In attendance also were two Church of Ireland archbishops, retired Archbishop of Armagh Alan Harper and retired Archbishop of Dublin Walton Empey. Both heretics, of course, to all right-thinking Catholic. I asked Archbishop Empey, a favourite prelate of mine, what was the collective now for a group of archbishops.
Without a flicker of eyelid, he shot back “...a wisdom!”
He laughed. I laughed. I could not disagree for a moment that it was, indeed, a wholly accurate description of archbishops, wherever two or three are gathered. More recently this curiosity about collective nouns brought me to the edge of destruction, or so it felt.

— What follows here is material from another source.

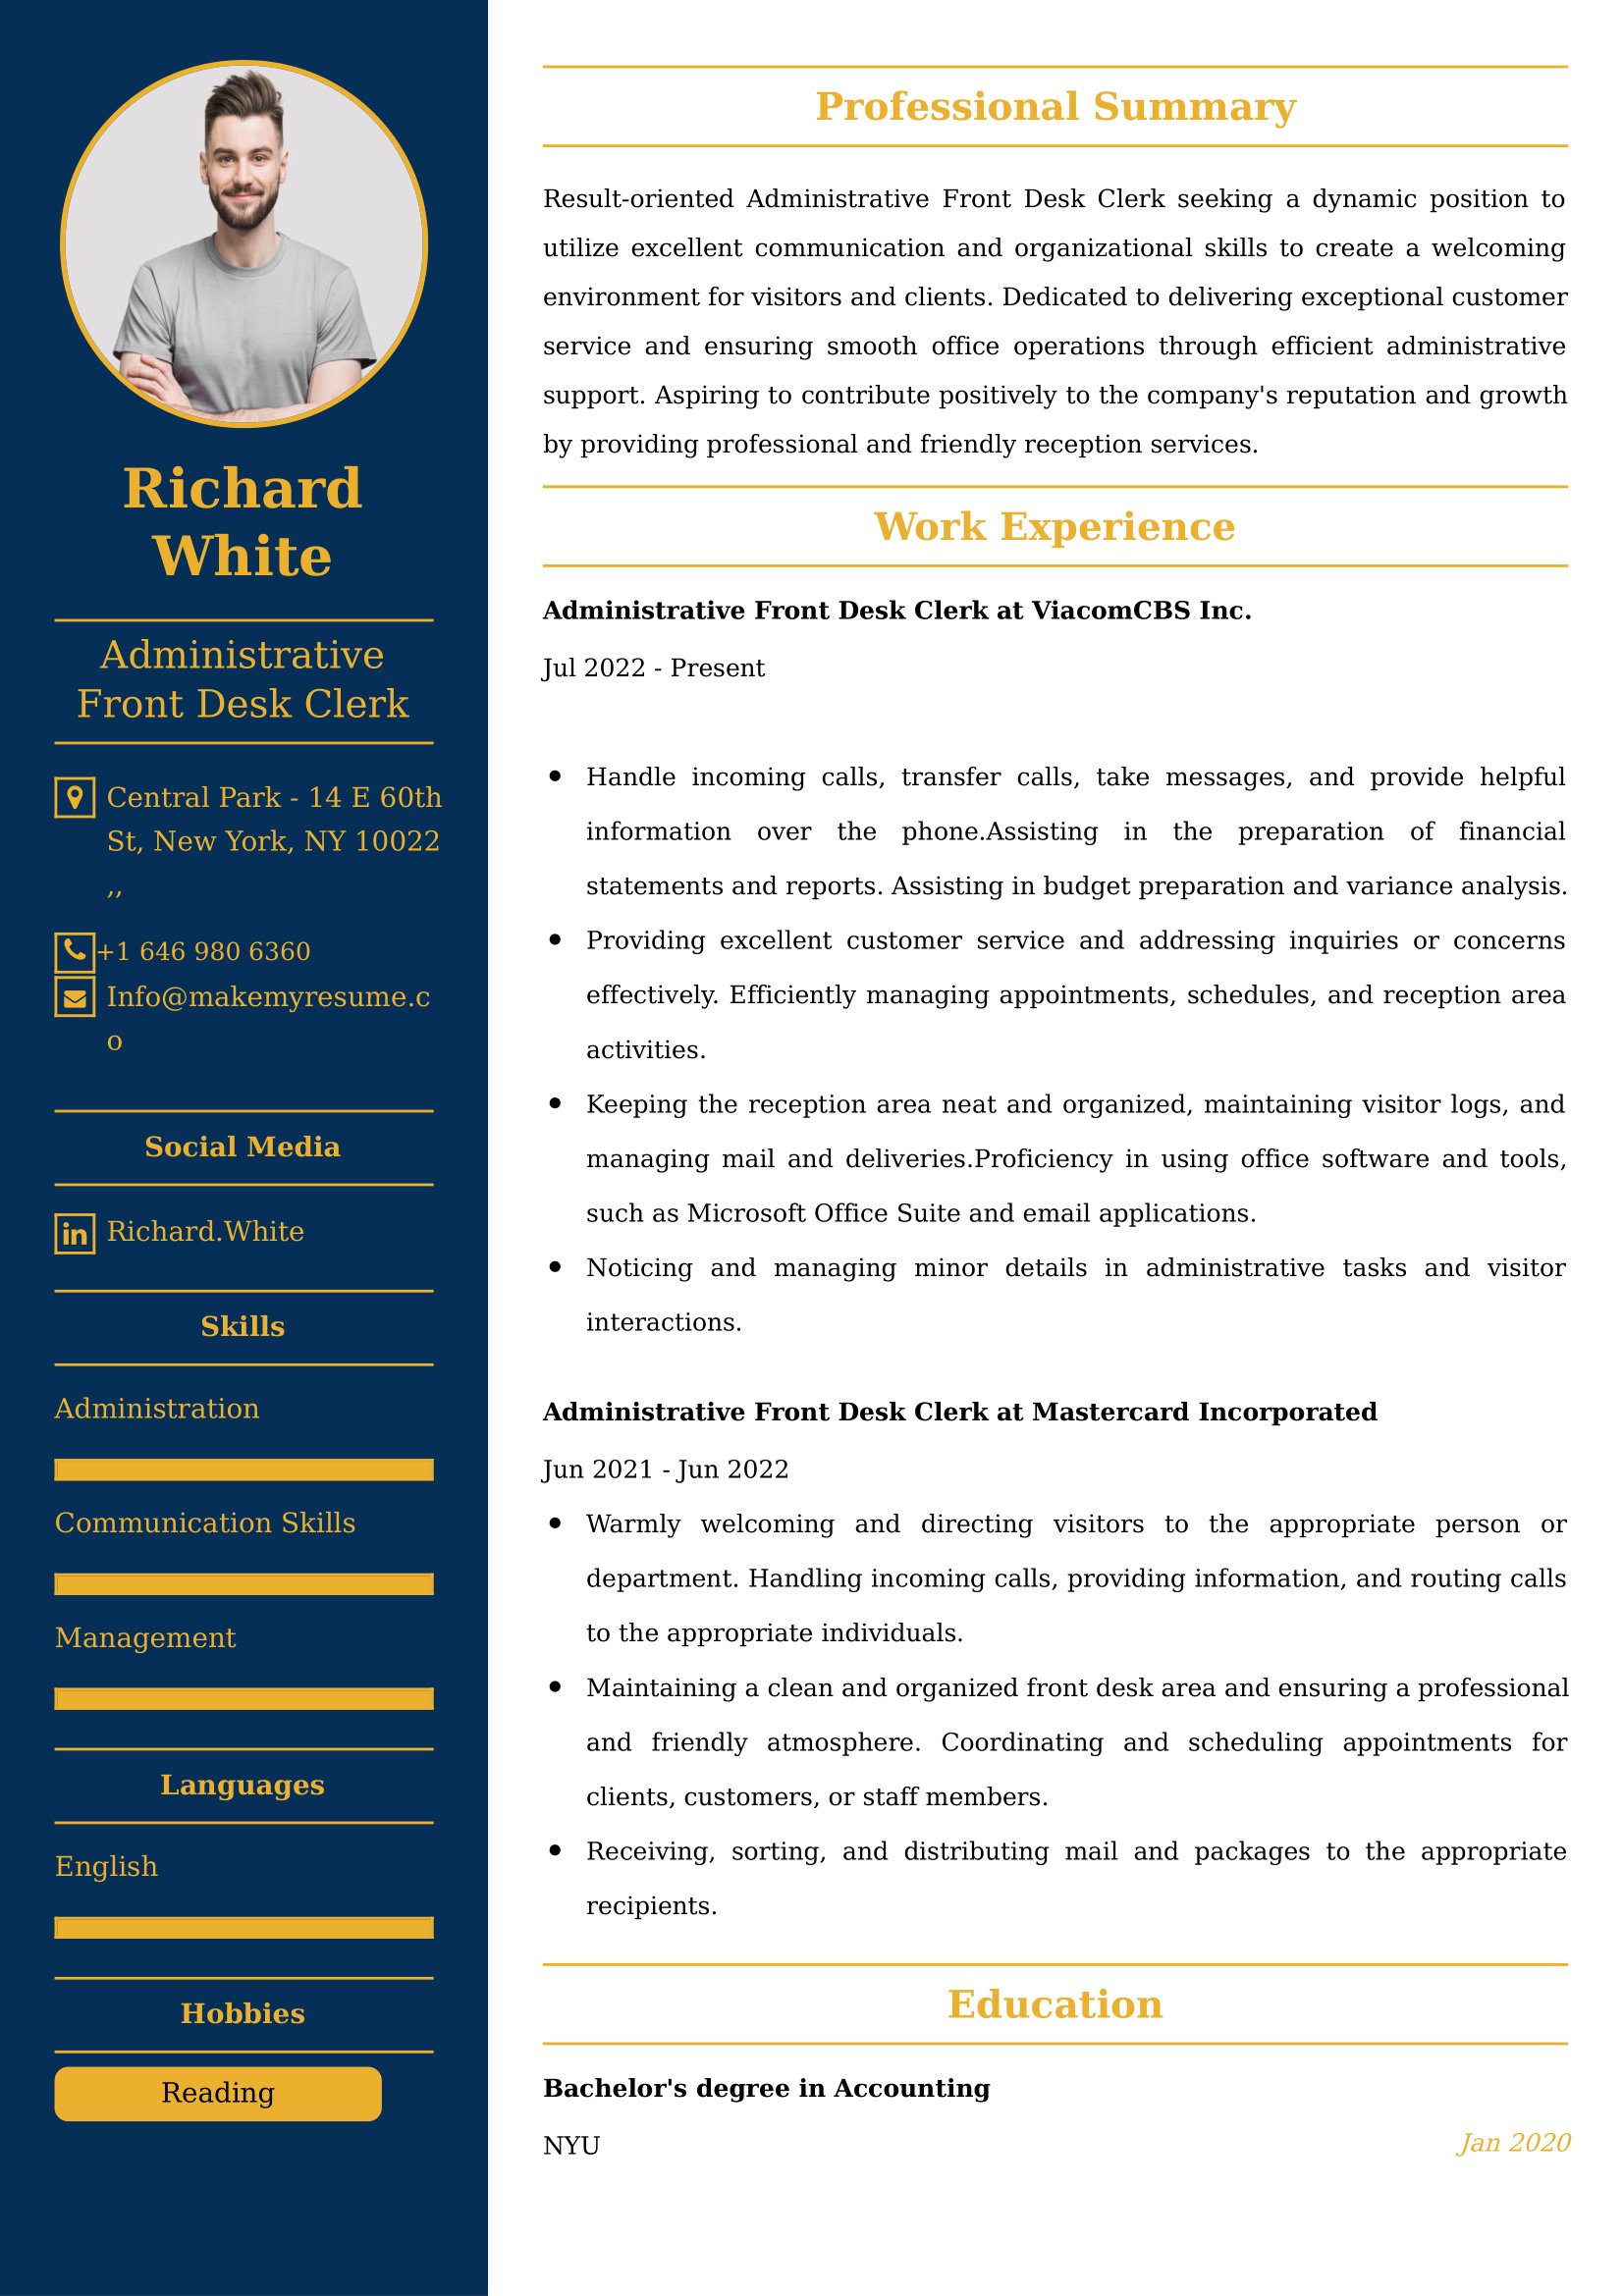 Administrative Front Desk Clerk Resume Examples - Brazilian Format, Latest Template

It was at the Terenure synagogue in Dublin last May, following the appointment of Yoni Wieder as Chief Rabbi of Ireland, when speaker after speaker roundly condemned Ireland for its stance on the war in Gaza.

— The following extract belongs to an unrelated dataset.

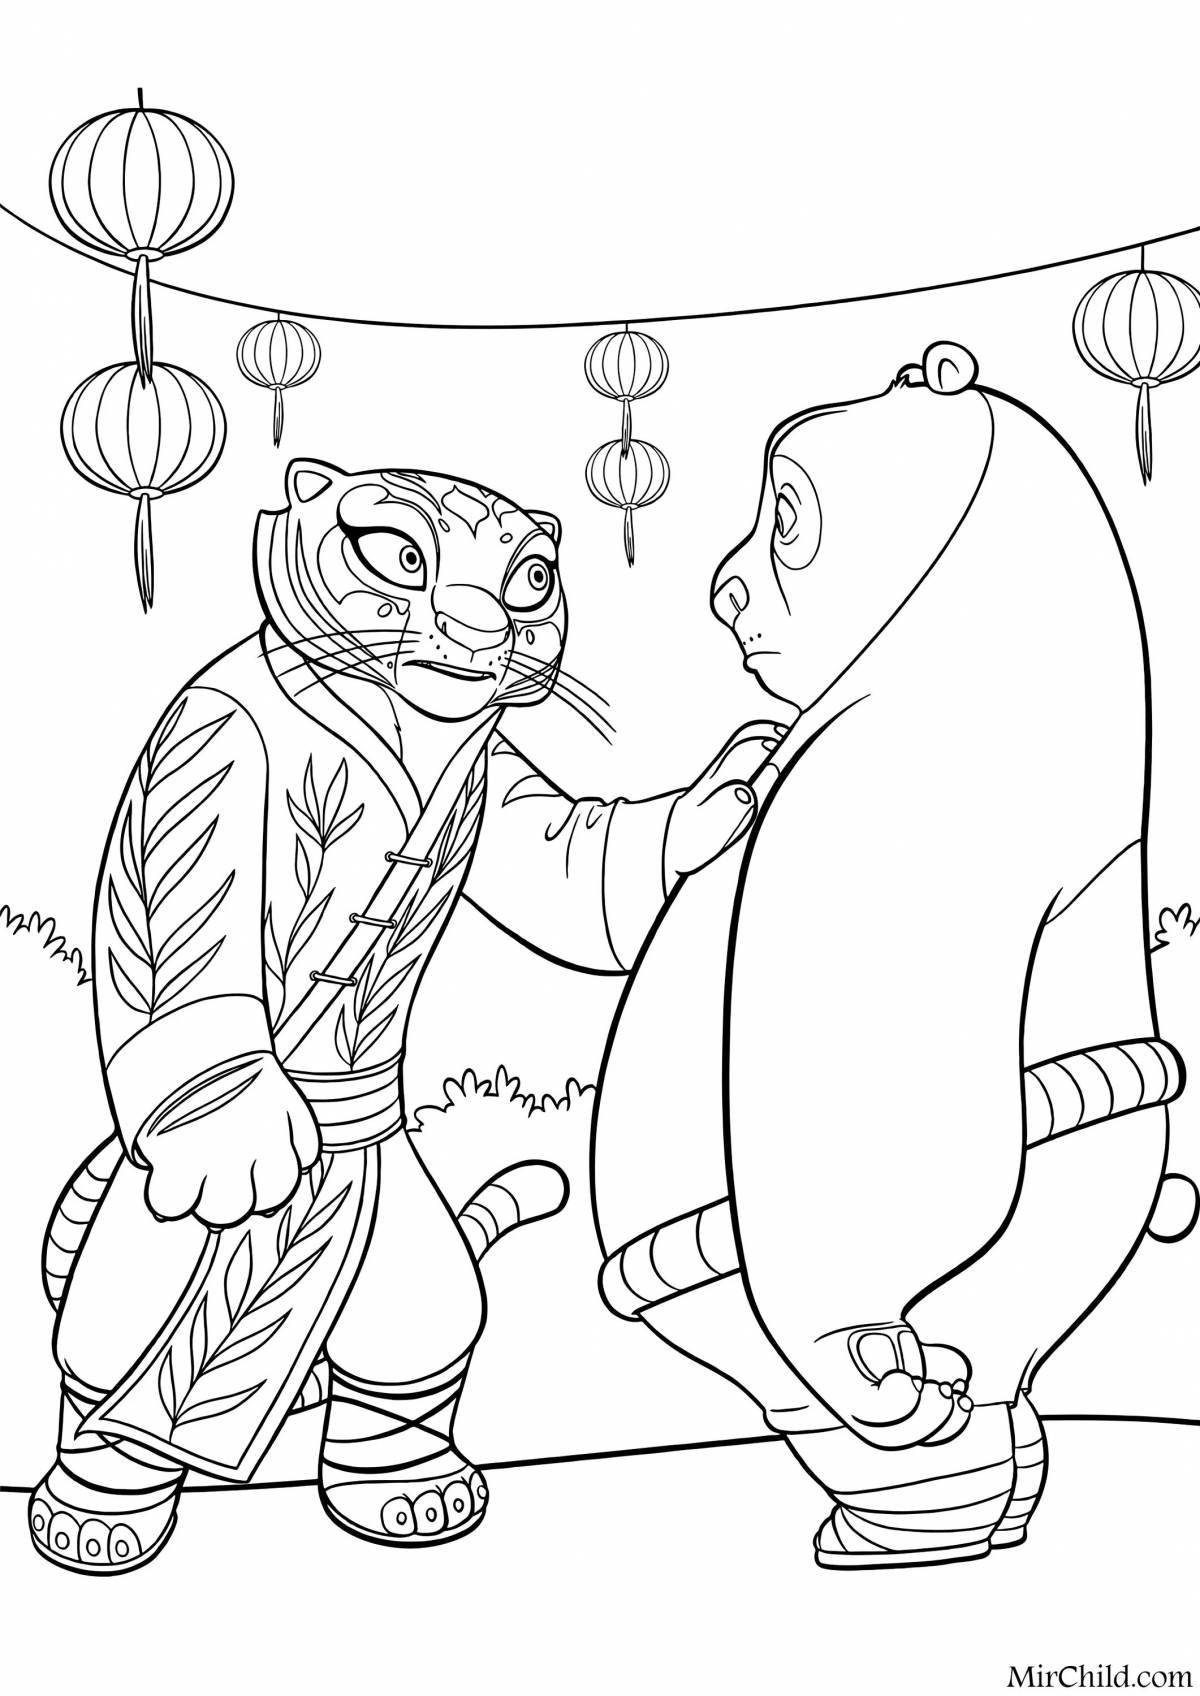 Courageous tigress coloring page

At the reception later, I saw former ministers for justice Charlie Flanagan and Alan Shatter in deepest conversation. Mr Shatter, too, had been severely critical of Ireland’s stance on Israel’s actions in Gaza.
With an innocence that bordered on the reckless, I wandered over to both and interjected with that overwhelming question “what is the collective noun for ministers for justice?”
Neither responded. Both looked at me with an unfamiliar, if stunned unity, of the `what-a-mad/daft-feckin-question-and-the-world-on-fire?’ variety. I withdrew, gracelessly, as they resumed their previous level of passionate intensity.
As with heretics, I still don’t know what the collective noun for Ministers for Justice is. But, I still sleep soundly at night, even if some collective nouns intrigue me. For instance, why “a murder of crows”? It seems too harsh. Or “an unkindness of ravens”?
But I do like “a crash of rhinoceroses”, “a gaggle of geese,” “a parliament of owls”, the lovely “enchantment of nightingales”, and oh-so-restrained “intrusion of cockroaches” but, in particular, “an ostentation of peacocks.”
Collective, from Latin collectivus, for `gather together’.